One example of where the schema information for a data table is used is when displaying that data in a DataGrid (which we'll discuss at length in the next chapter). The DataGrid control uses properties such as the data type of the column to decide what control to use for that column. A bit field within the database will be displayed as a checkbox within the DataGrid . If a column is defined within the database schema as NOT NULL , then this fact will be stored within the DataColumn so that it can be tested when the user attempts to move off a row.

Data Columns

A DataColumn object defines properties of a column within the DataTable , such as the data type of that column, whether the column is read only, and various other facts. A column can be created in code, or can be automatically generated by the runtime.

When creating a column, it is also useful to give it a name ; otherwise the runtime will generate a name for you in the form Columnn where n is an incrementing number.
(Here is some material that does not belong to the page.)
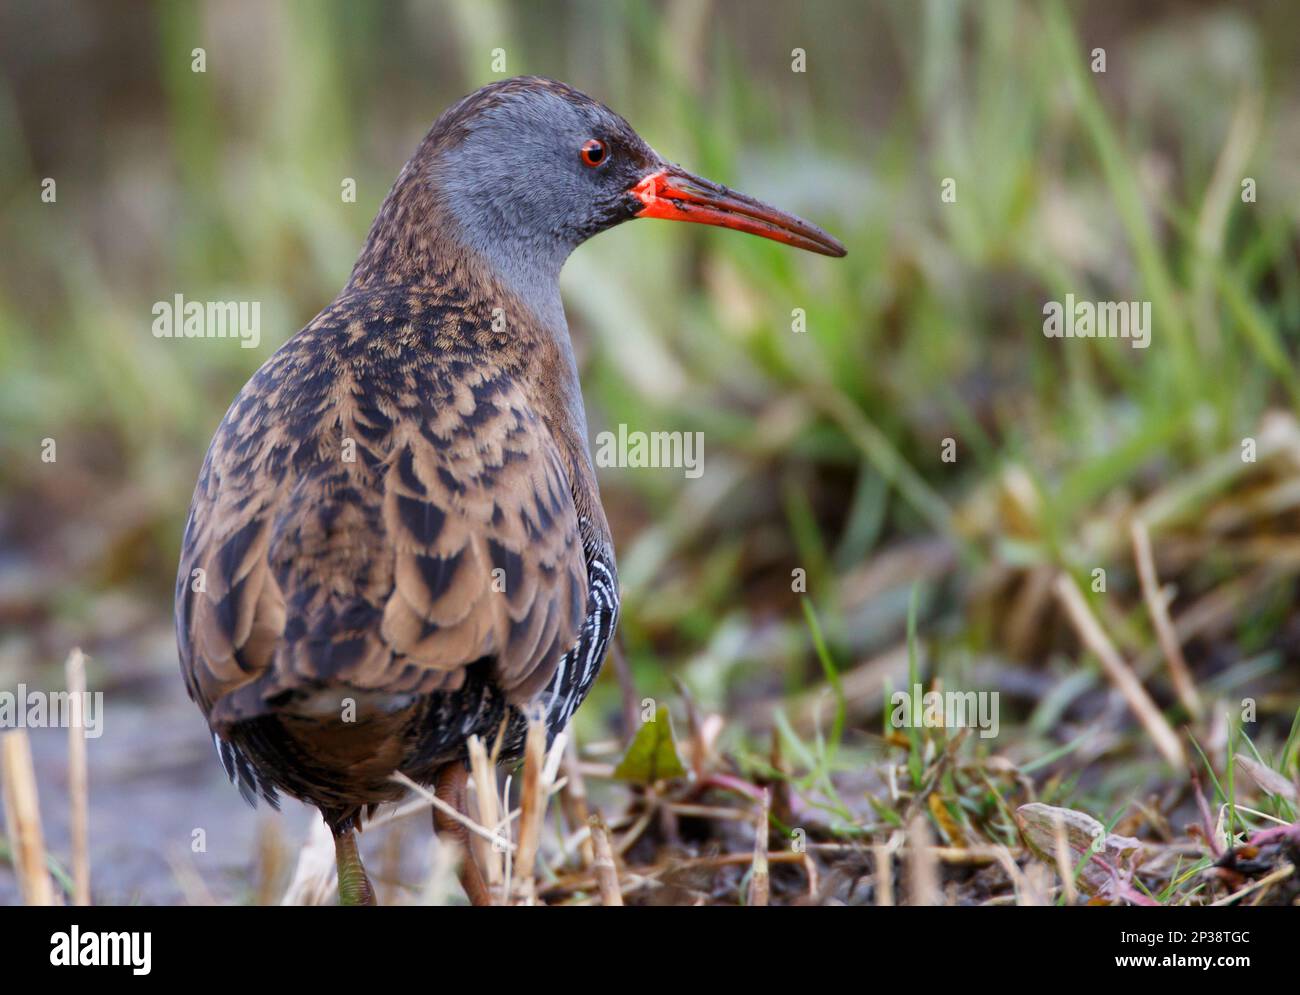 A Water Rail wild bird feeding on small seeds and food in the wetland reeds at RSPB Lakenheath Fen in Norfolk, England Stock Photo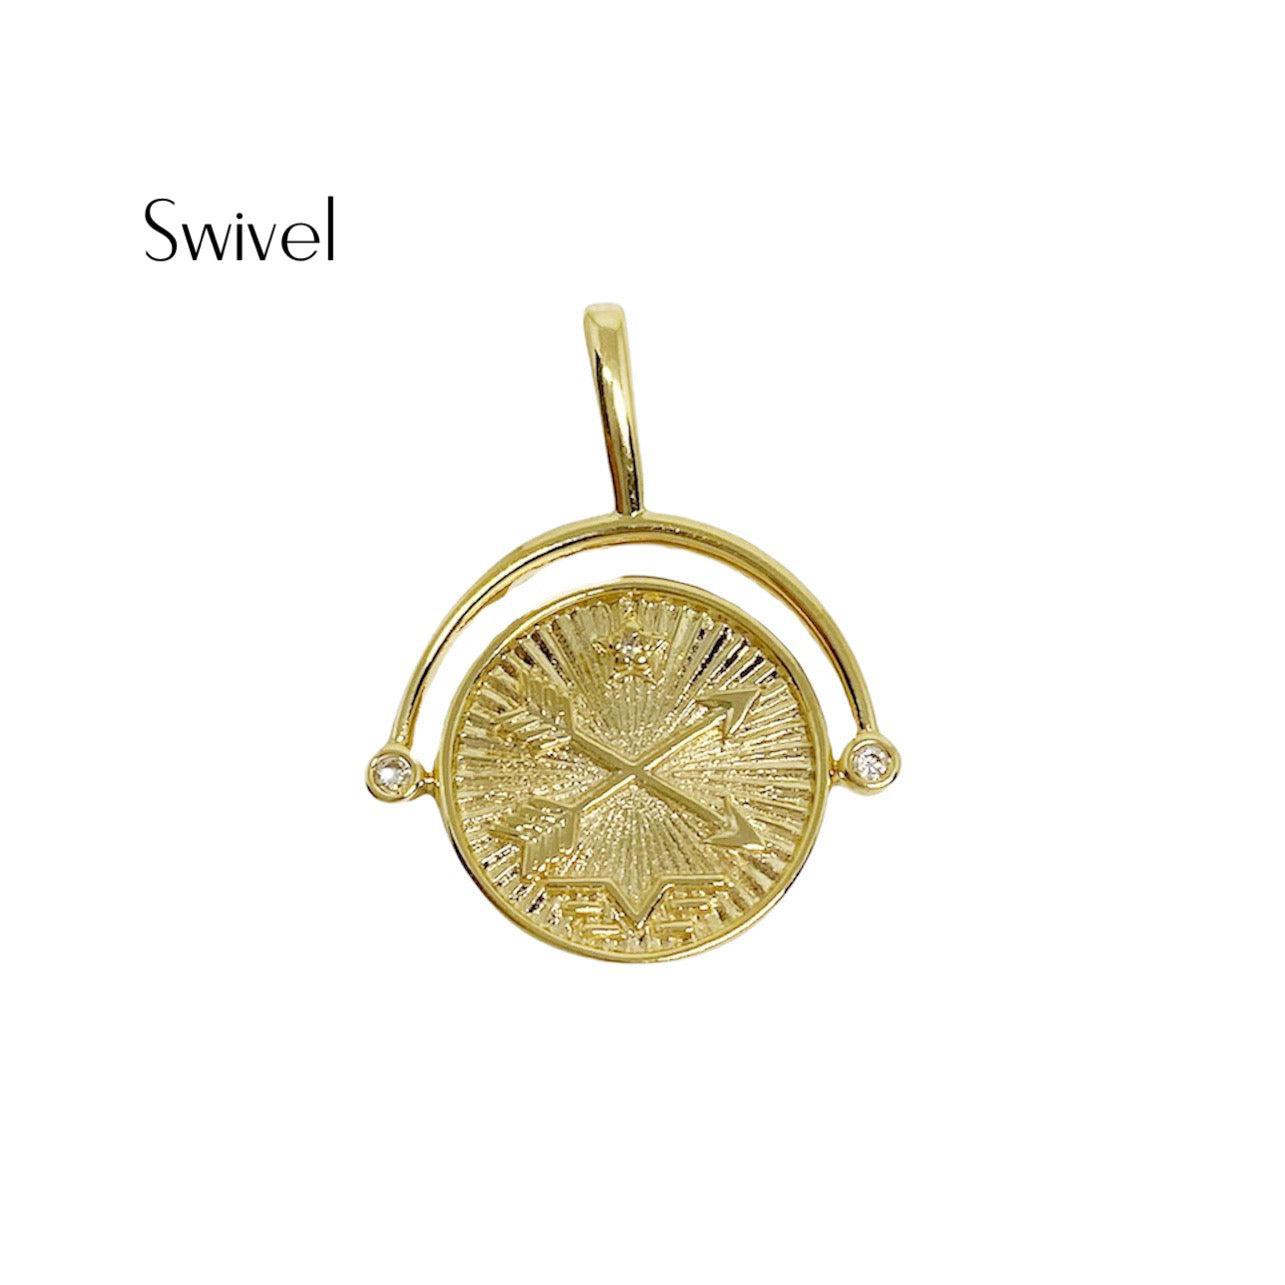 GoldFi 18k Gold Filled Swivel Compass Pendant Featuring Star Textured Background And Cardinal Points

The data type of the column can be set either by supplying it in the constructor, or by setting the DataType property. Once you have loaded data into a data table you cannot alter the type of a column you'll just receive an ArgumentException .

Data columns can be created to hold the following .NET Framework data types:

Boolean	Decimal	Int64	TimeSpan
Byte	Double	Sbyte	UInt16
Char	Int16	Single	UInt32
DateTime	Int32	String	UInt64

Once created, the next thing to do with a DataColumn object is to set up other properties, such as the nullability of the column or the default value. The following code fragment shows a few of the more common options to set on a DataColumn :

   DataColumn customerID = new DataColumn("CustomerID" , typeof(int));     customerID.AllowDBNull = false;     customerID.ReadOnly = false;     customerID.AutoIncrement = true;     customerID.AutoIncrementSeed = 1000;     DataColumn name = new DataColumn("Name" , typeof(string));     name.AllowDBNull = false;     name.Unique = true;

The following properties can be set on a DataColumn :

Property	Description
AllowDBNull	If true , permits the column to be set to DBNull .
AutoIncrement	Defines that this column value is automatically generated as an incrementing number.
AutoIncrementSeed	The initial seed value for an AutoIncrement column.
AutoIncrementStep	Defines the step between automatically generated column values, with a default of one.
Caption	Can be used for displaying the name of the column on screen.
ColumnMapping	Defines how a column is mapped into XML when a DataSet is saved by calling DataSet.WriteXml .
ColumnName	The name of the column. This is auto-generated by the runtime if not set in the constructor.
DataType	The System.Type value of the column.
DefaultValue	Can define a default value for a column.
Expression	This property defines the expression to be used in a computed column.

Data Rows

This class makes up the other part of the DataTable class. The columns within a data table are defined in terms of the DataColumn class. The actual data within the table is accessed using the DataRow object. The following example shows how to access rows within a data table. The code for this example is available in the 07_SimpleDatasetSql directory. First, the connection details:

 string source = "server=(local)\NetSDK;" +                 "uid=QSUser;pwd=QSPassword;" +                  "database=northwind"; string select = "SELECT ContactName,CompanyName FROM Customers"; SqlConnection  conn = new SqlConnection(source);

The following code introduces the SqlDataAdapter class, which is used to place data into a DataSet . The SqlDataAdapter will issue the SQL clause, and fill a table in the DataSet called Customers with the output of this following query. We'll be discussing the data adapter class further in the Populating a DataSet section.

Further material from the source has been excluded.